*Material for this exercise:*
------------------------------------------------------------------------

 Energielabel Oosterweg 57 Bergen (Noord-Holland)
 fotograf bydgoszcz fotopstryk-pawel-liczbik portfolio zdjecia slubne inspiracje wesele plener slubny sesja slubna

------------------------------------------------------------------------

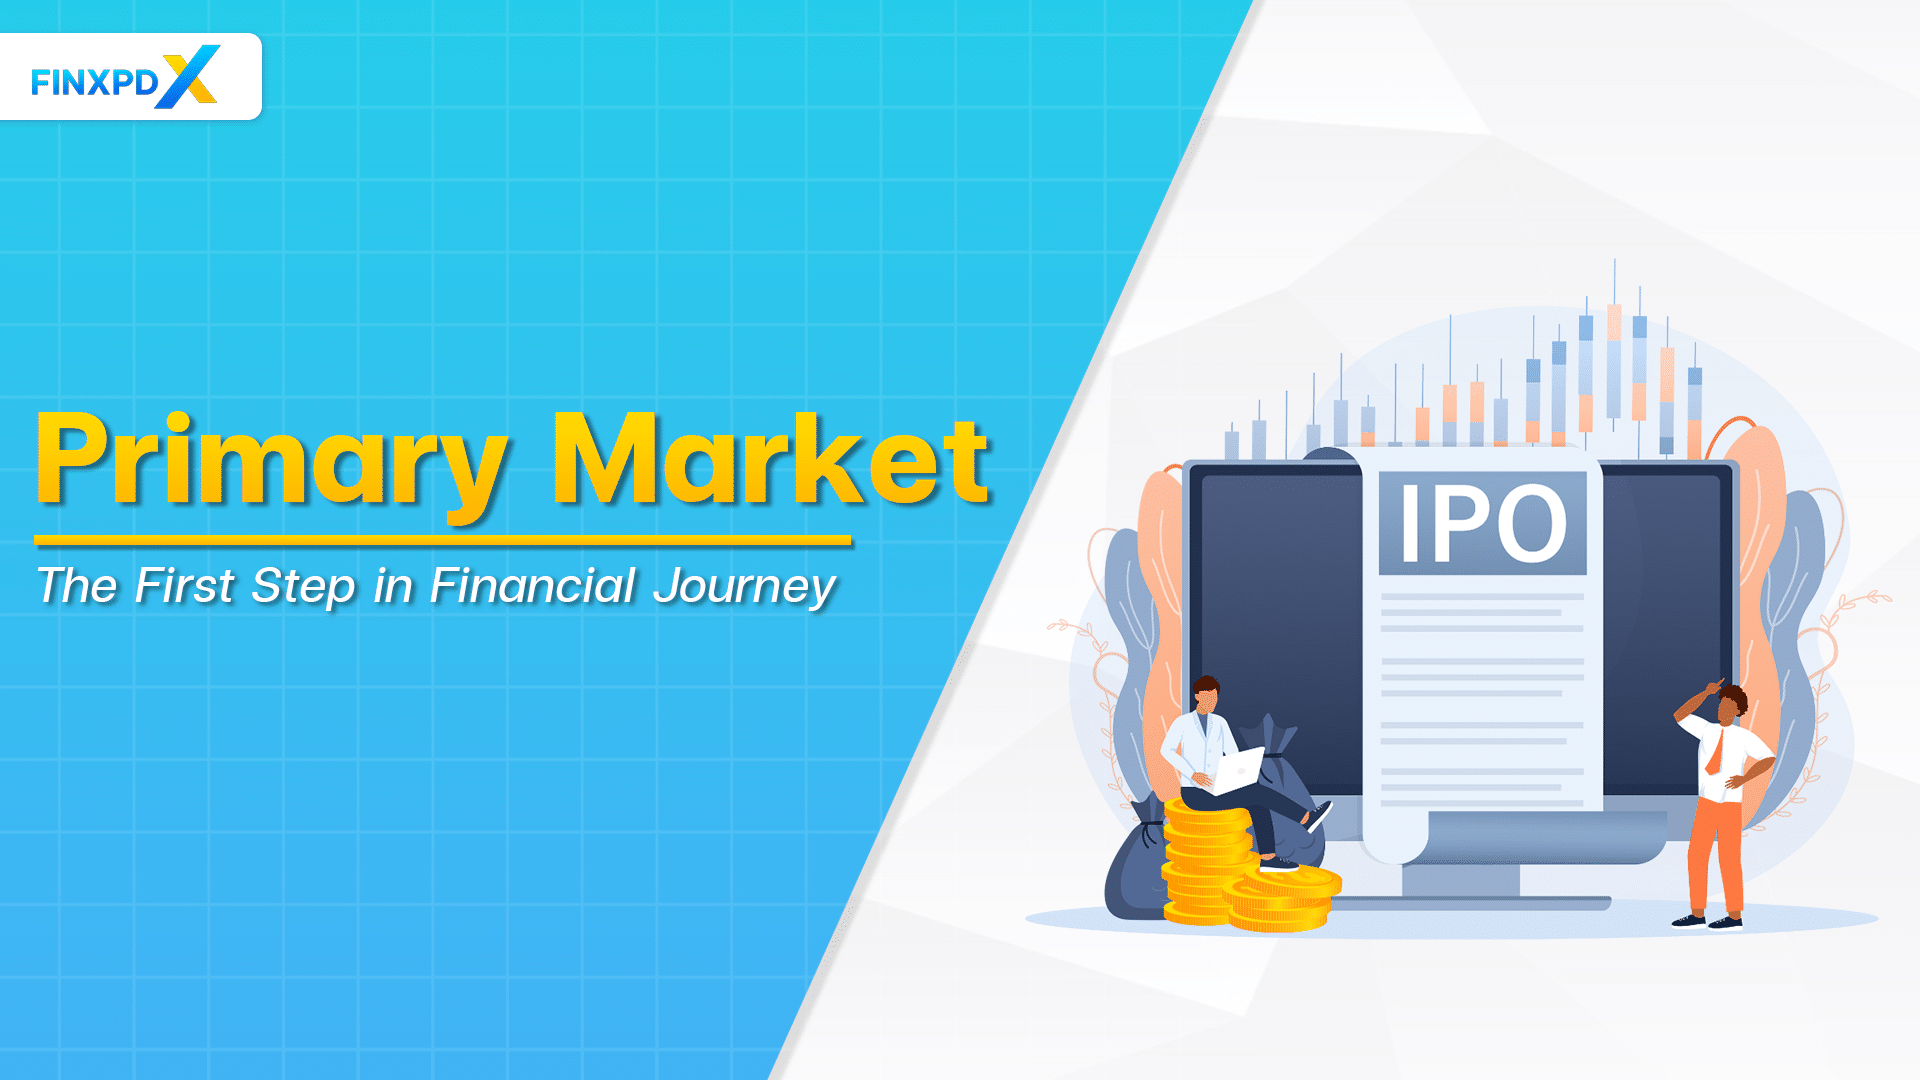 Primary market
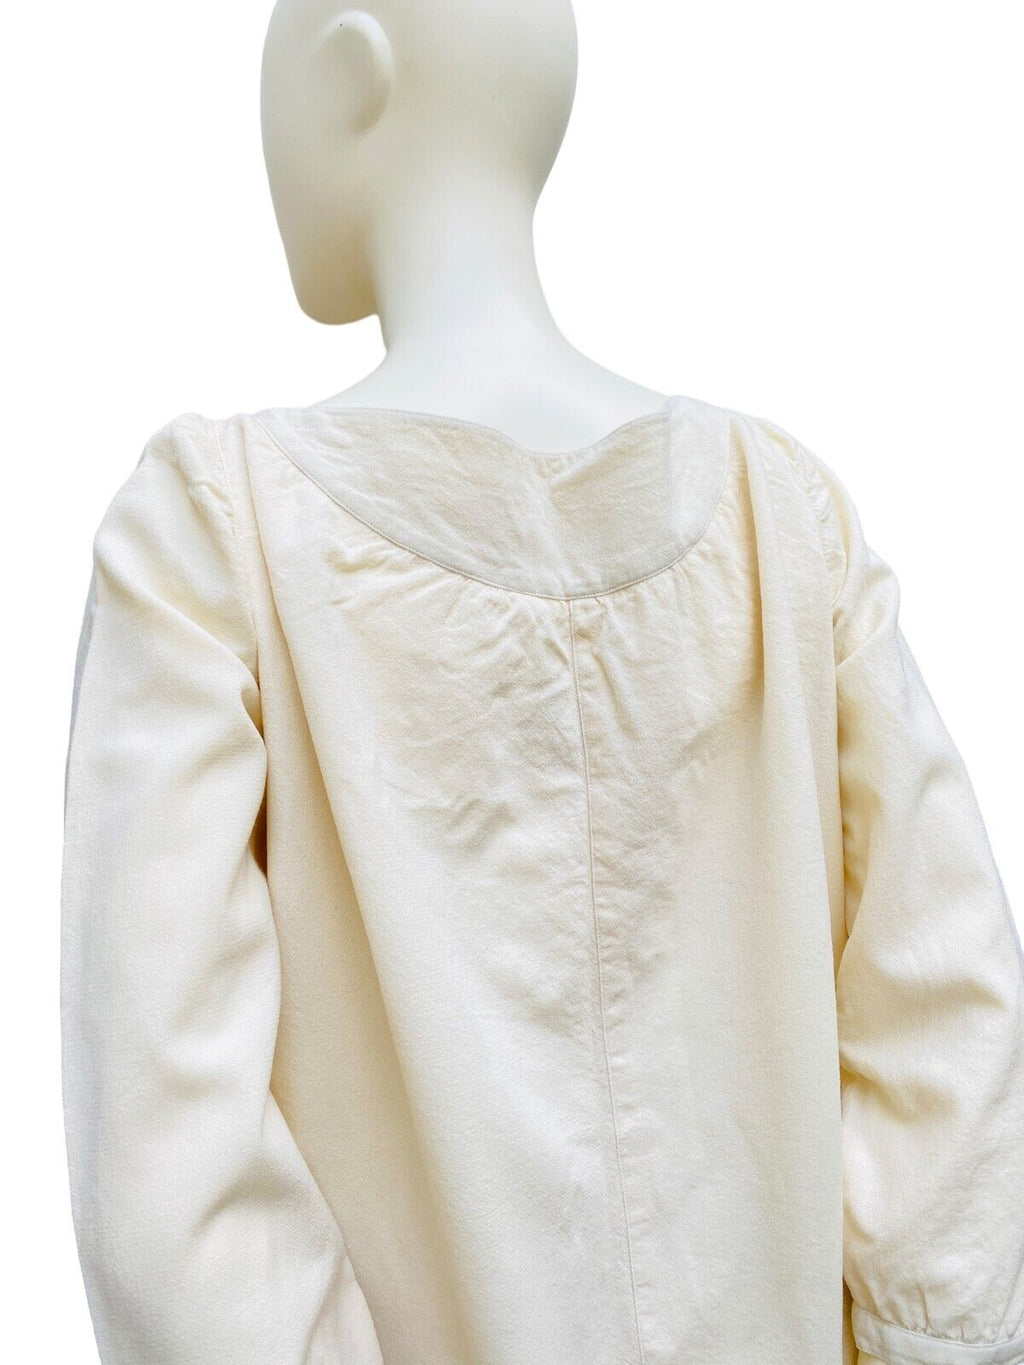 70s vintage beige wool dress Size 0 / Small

------------------------------------------------------------------------

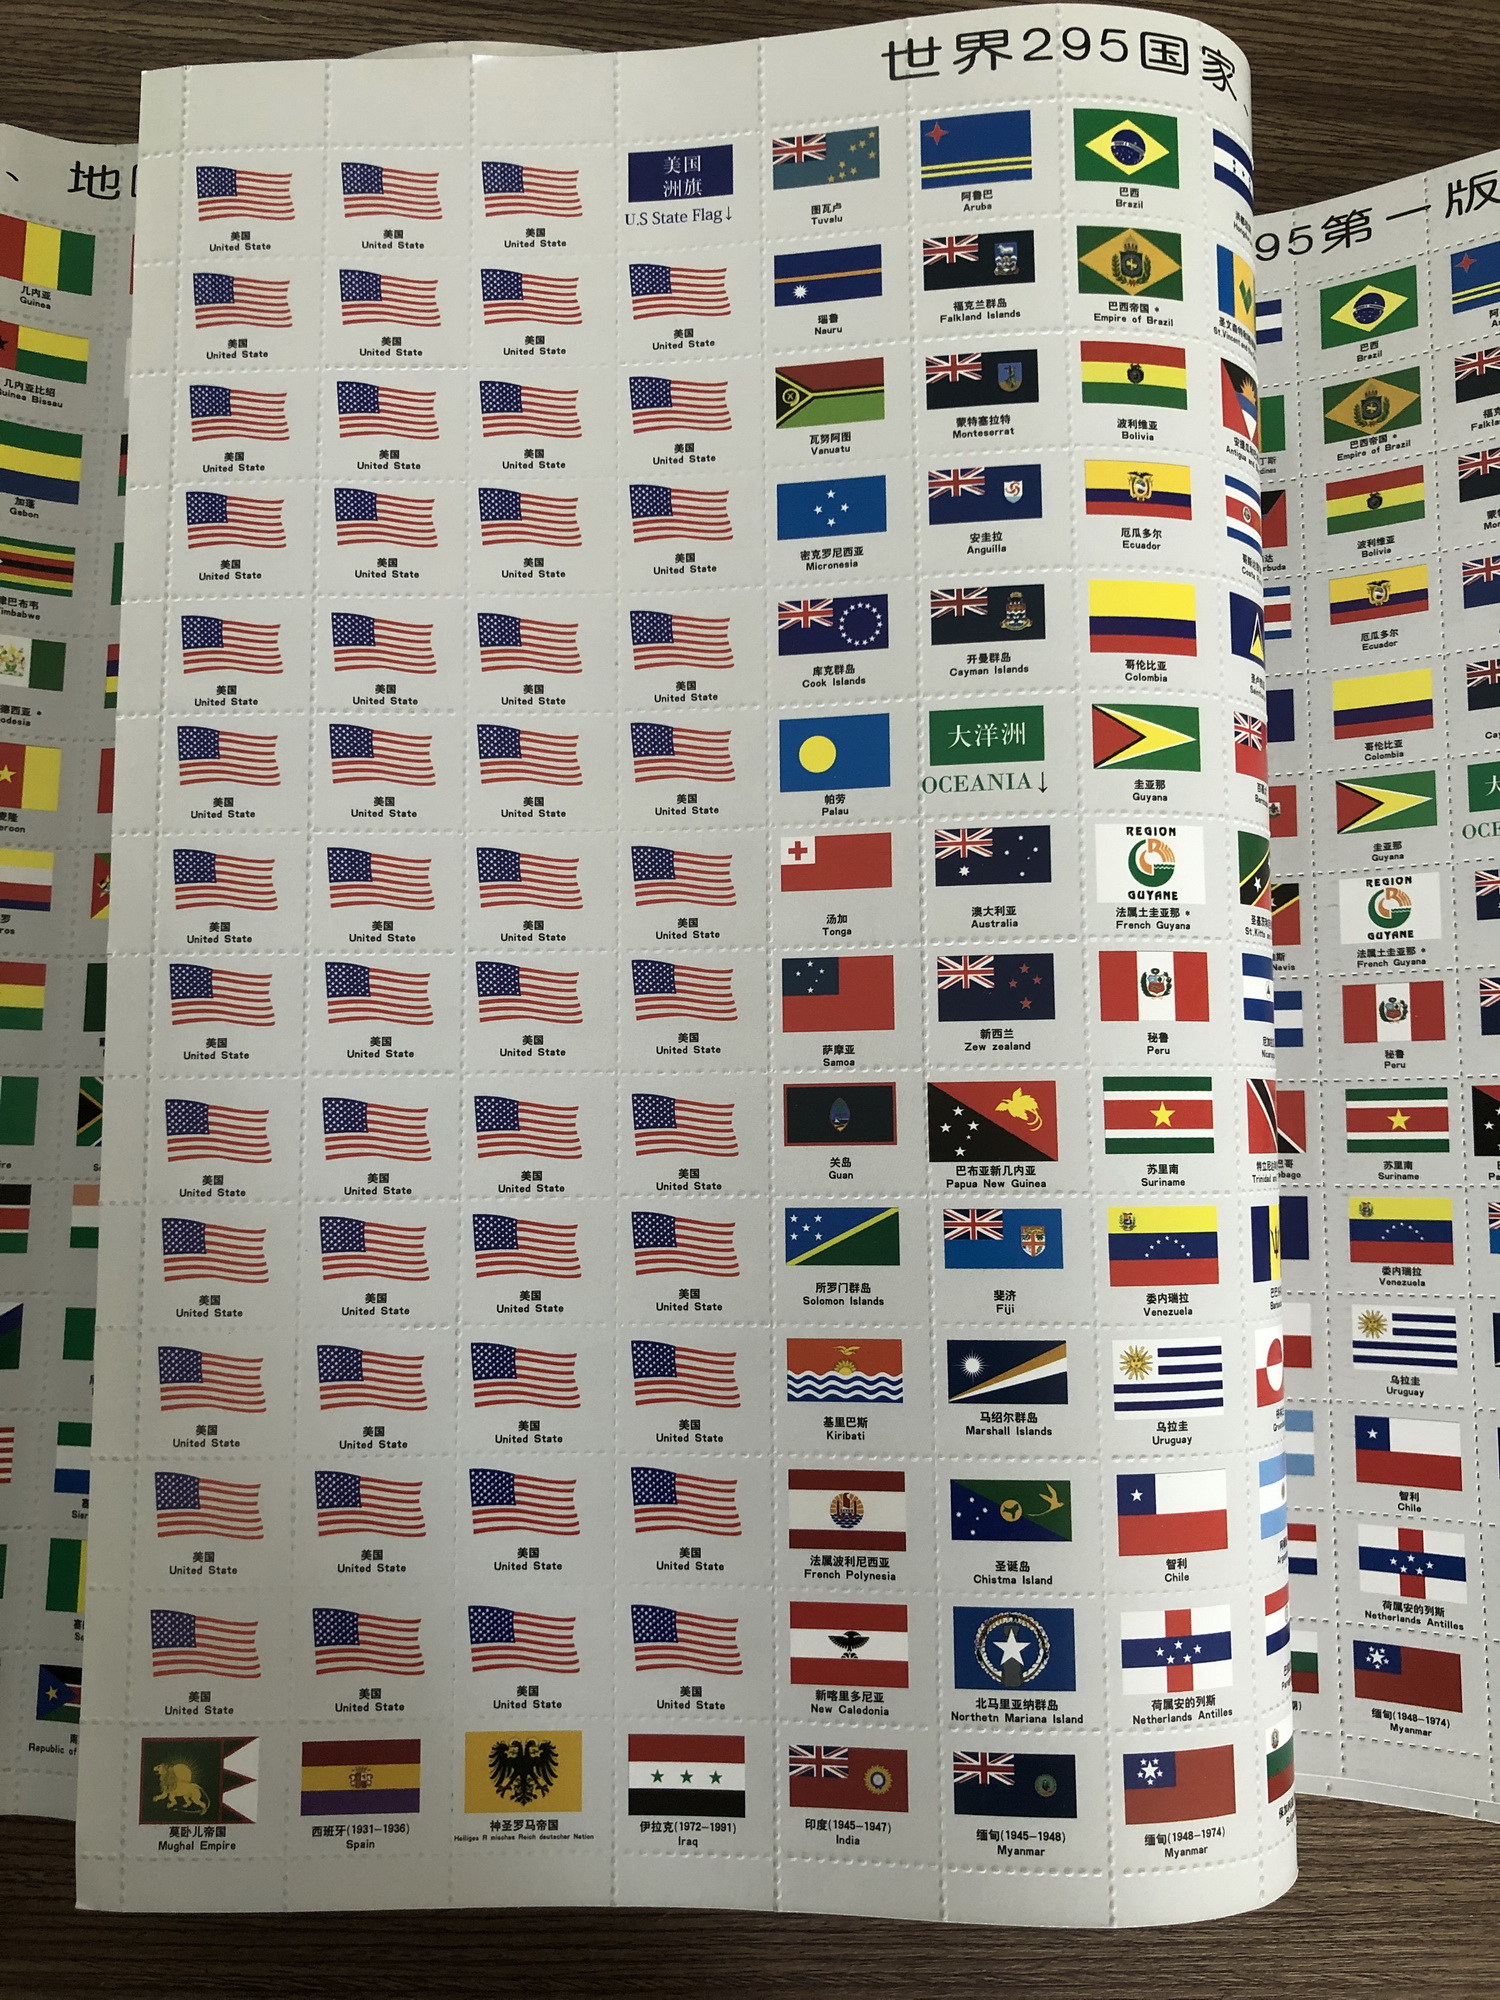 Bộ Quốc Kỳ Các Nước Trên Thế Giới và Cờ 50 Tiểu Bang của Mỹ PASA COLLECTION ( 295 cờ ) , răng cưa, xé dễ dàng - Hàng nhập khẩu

------------------------------------------------------------------------

*What you are asked to do:* Extract exactly and only the lines above from the line containing "Energielabel Oosterweg 57" through the line containing "fotograf bydgoszcz fotopstryk-pawel-liczbik", both end lines included.

*Completed exercise:*
 Energielabel Oosterweg 57 Bergen (Noord-Holland)
 fotograf bydgoszcz fotopstryk-pawel-liczbik portfolio zdjecia slubne inspiracje wesele plener slubny sesja slubna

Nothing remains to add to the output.